Clara pikir semua sudah selesai, namun dia terbangun di raga orang lain dan menjadi ibu dua anak yang di buang suaminya. Clara tak tahu cara mengurus anak kecil, dia berpikir jika mereka merepotkan.
Namun, pemikiran itu berubah saat kedua anaknya menunjukan kebencian yang begitu besar padanya. Clara merasa aneh, bagaimana bisa anak polos seperti mereka membenci ibunya sendiri? Clara bertekad untuk mencari tahu alasannya, dan menuntut balas pada suami dan juga organisasinya yang telah membuat dia mengalami kejadian menyedihkan seperti itu.
Karya ini diterbitkan atas izin NovelToon eka zeya257, isi konten hanyalah pandangan pribadi pembuatnya, tidak mewakili NovelToon sendiri
Bab 16
Bangunan tersebut berubah menjadi neraka dalam hitungan detik.
Aldric bergerak lebih dulu. Tubuhnya melesat rendah, menghindari rentetan peluru yang menghantam dinding besi di belakangnya.

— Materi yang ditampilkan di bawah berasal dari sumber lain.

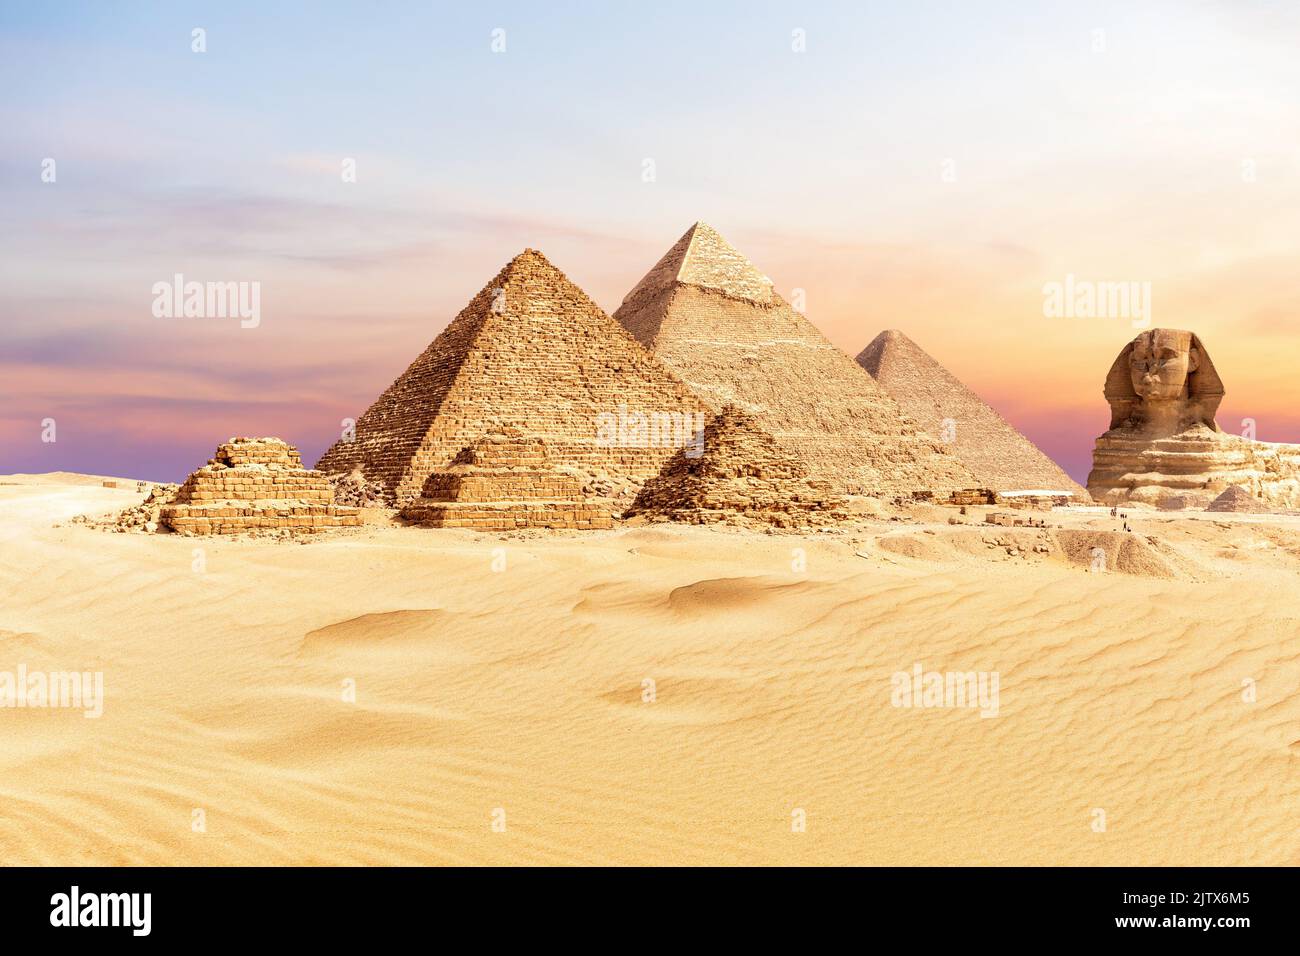 The Great Pyramid Complex in the Giza desert, Egypt. Stock Photo

Percikan api memantul liar, suara tembakan saling bersahutan memekakkan telinga.
Aldric berguling ke samping, mengambil besi panjang yang tergeletak di lantai, lalu melemparkannya tepat ke wajah salah satu anak buah Black Spider.
Dugh!
Pria itu terjengkang, hidungnya patah sebelum sempat menarik pelatuknya.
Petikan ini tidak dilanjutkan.